DATA PROVIDED:
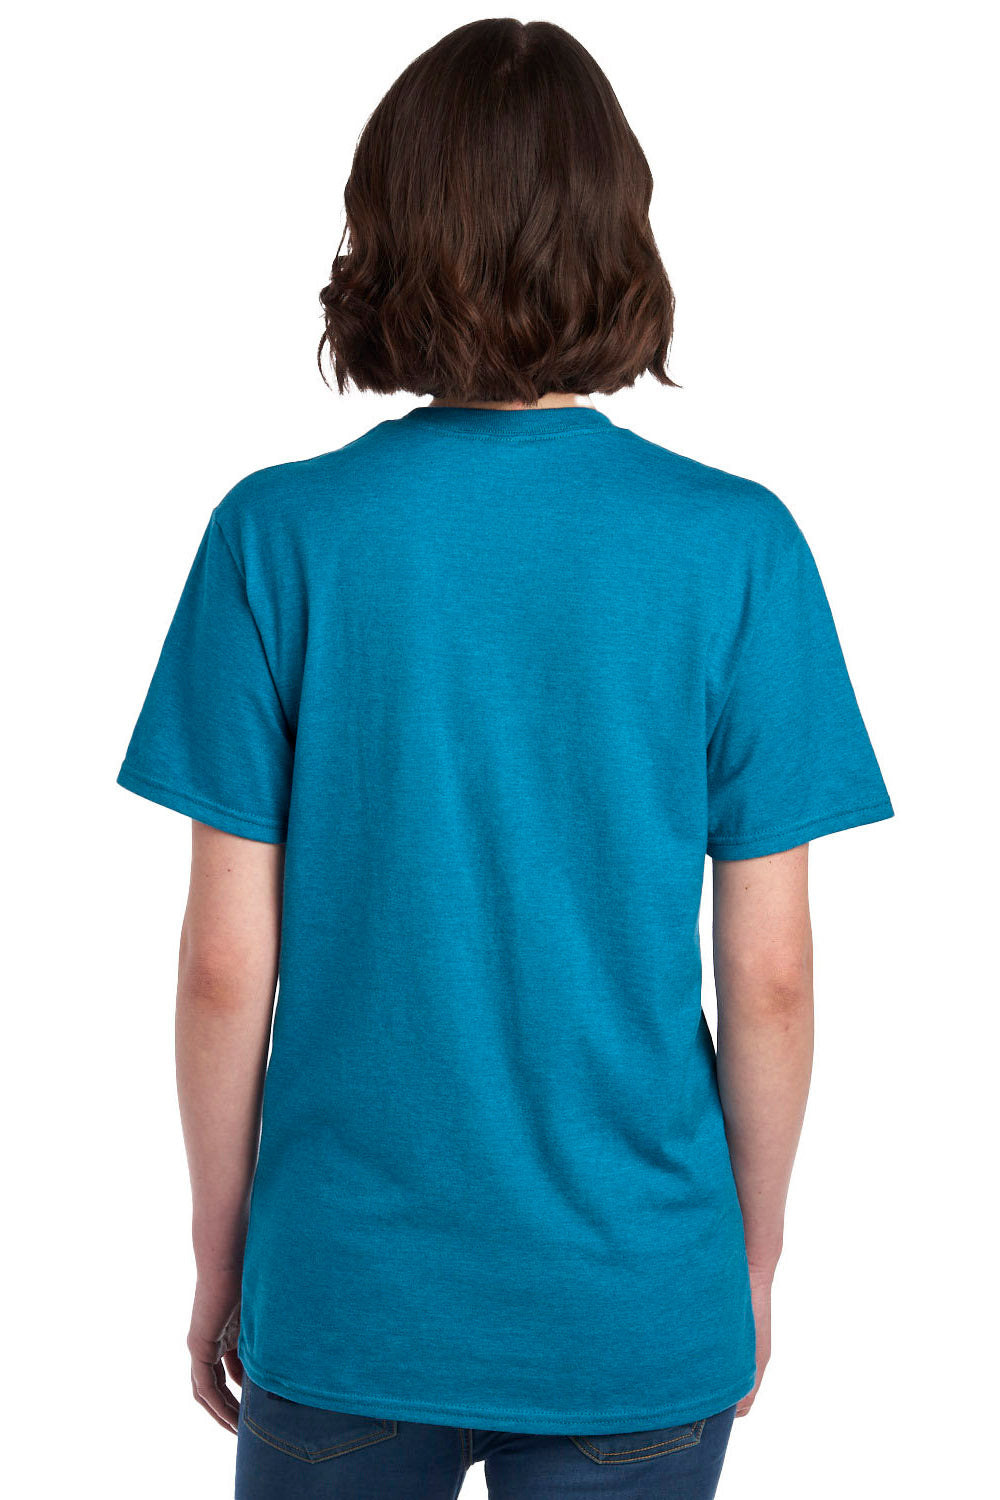 Jerzees 560MR/560M Mens Premium Blend Short Sleeve Crewneck T-Shirt Heather Digi Teal Blue Back
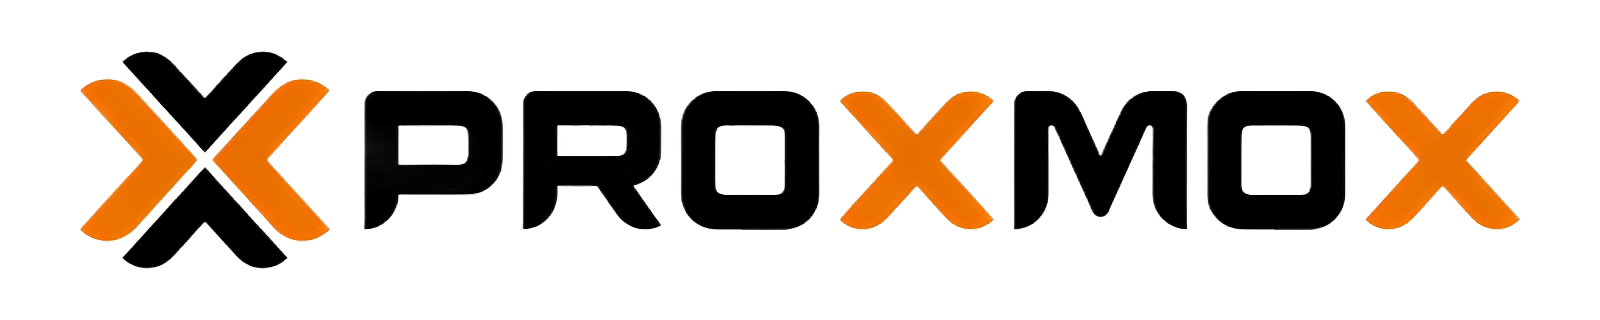 proxmox.png
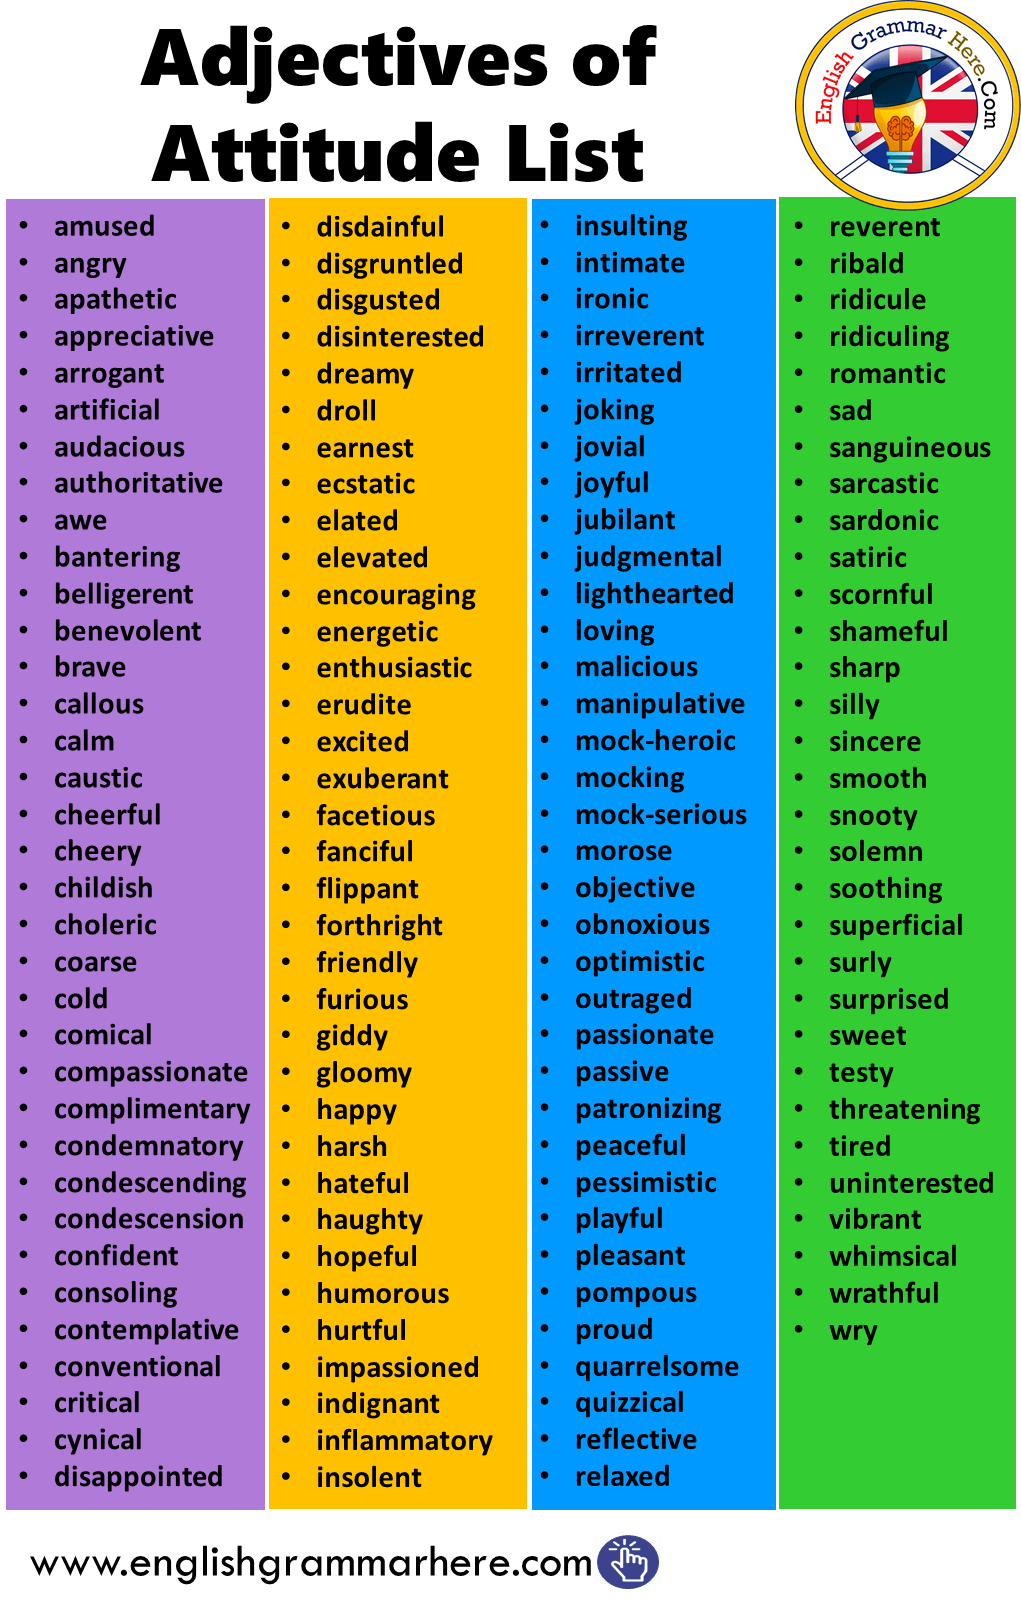 English Adjectives of Attitude List
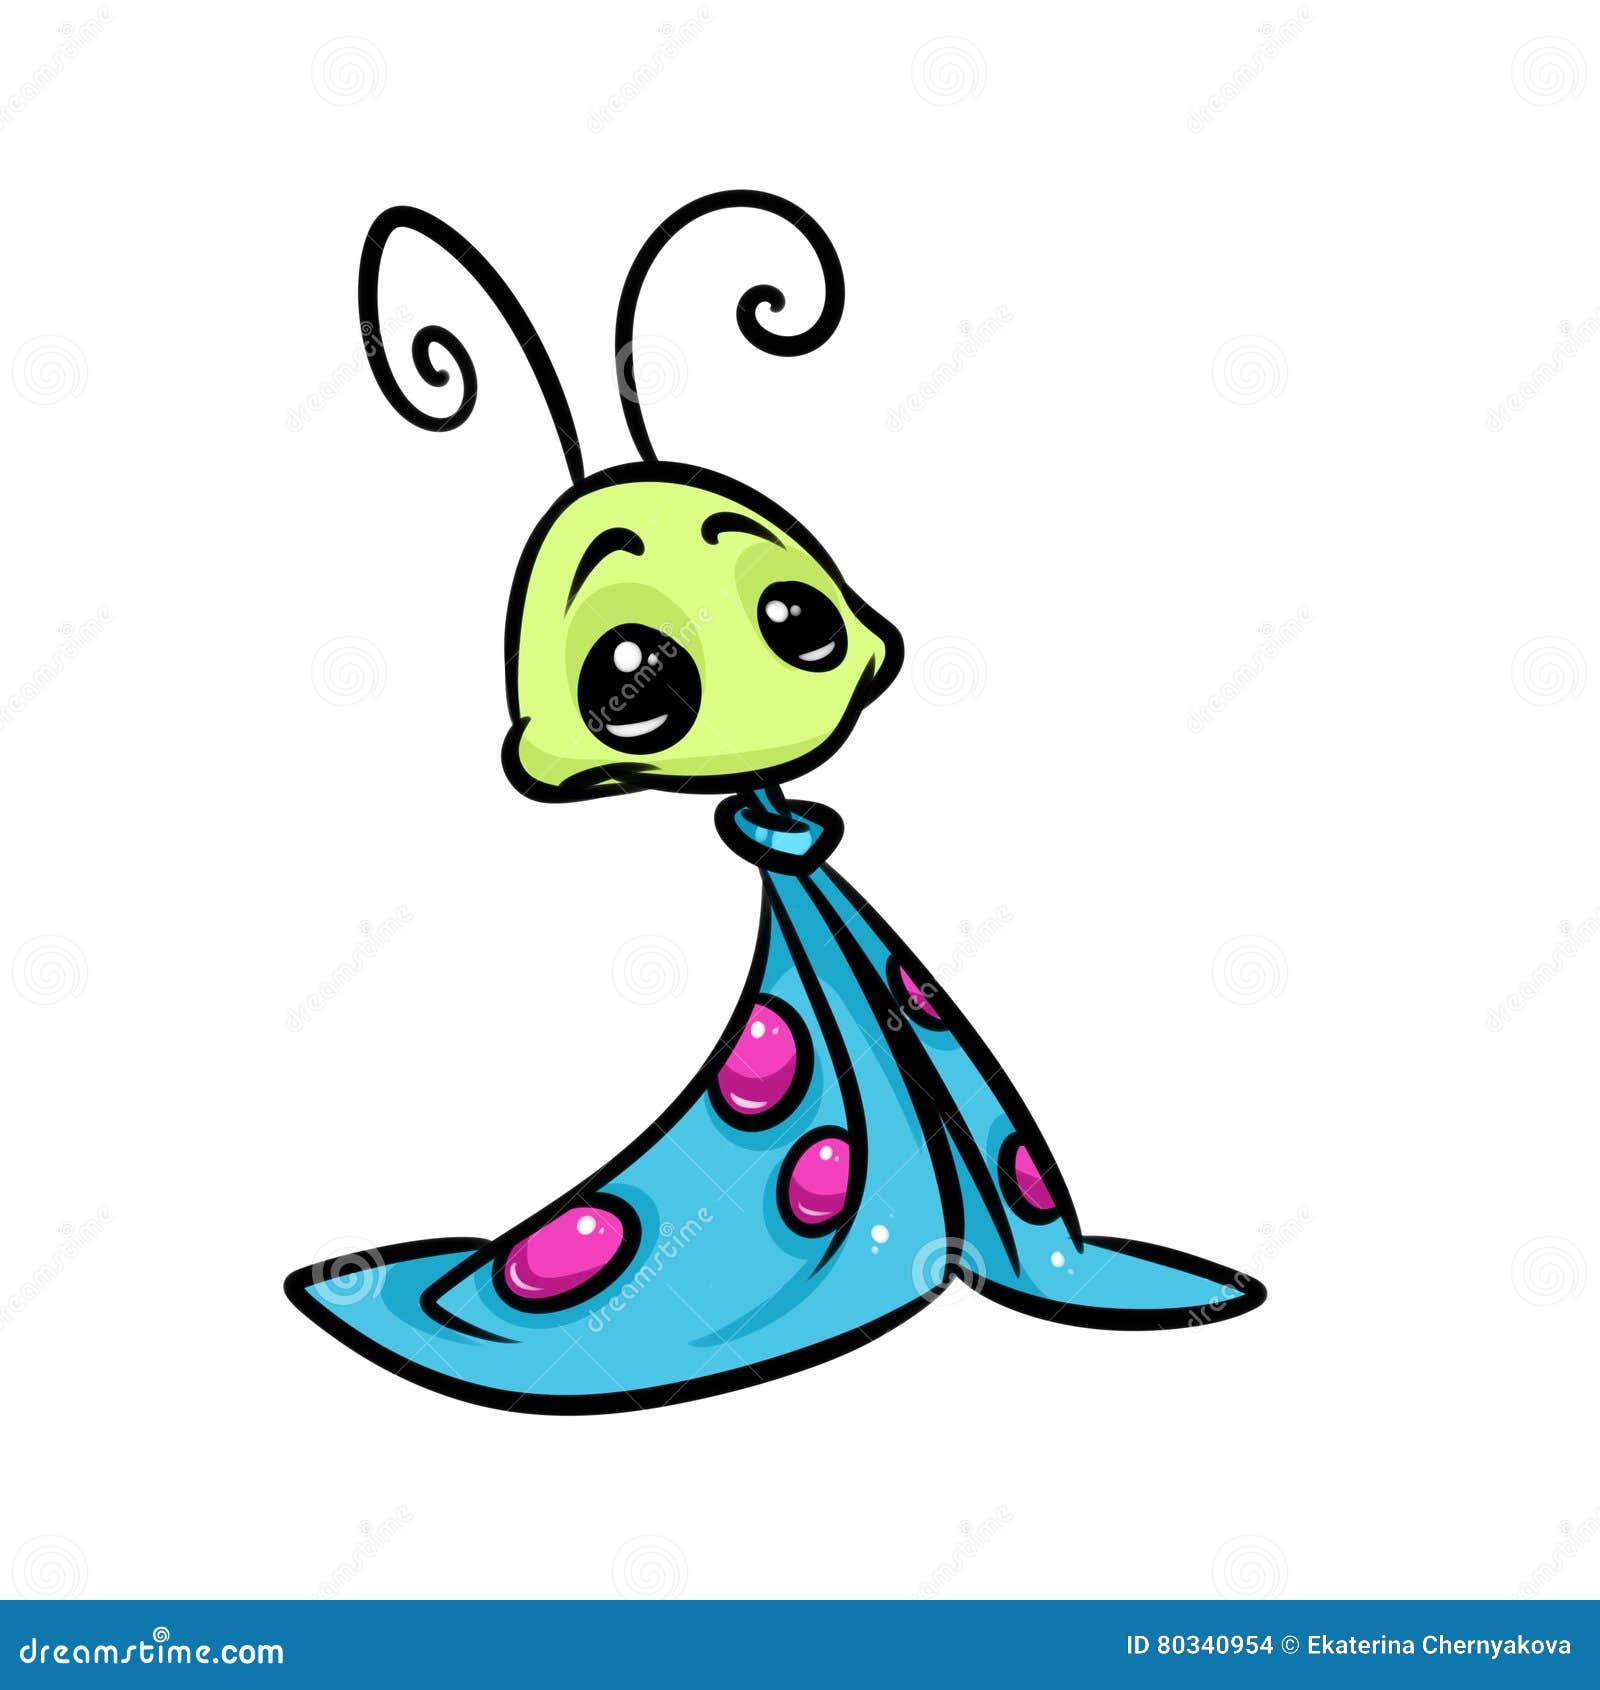 Insect cricket cartoon stock illustration. Illustration of animal - 80340954

EXERCISE BRIEF: Would it be possible to reproduce the material word for word, images omitted?

REPLY TO THE TASK:
 Jerzees 560MR/560M Mens Premium Blend Short Sleeve Crewneck T-Shirt Heather Digi Teal Blue Back
 proxmox.png
 English Adjectives of Attitude List
 Insect cricket cartoon stock illustration. Illustration of animal - 80340954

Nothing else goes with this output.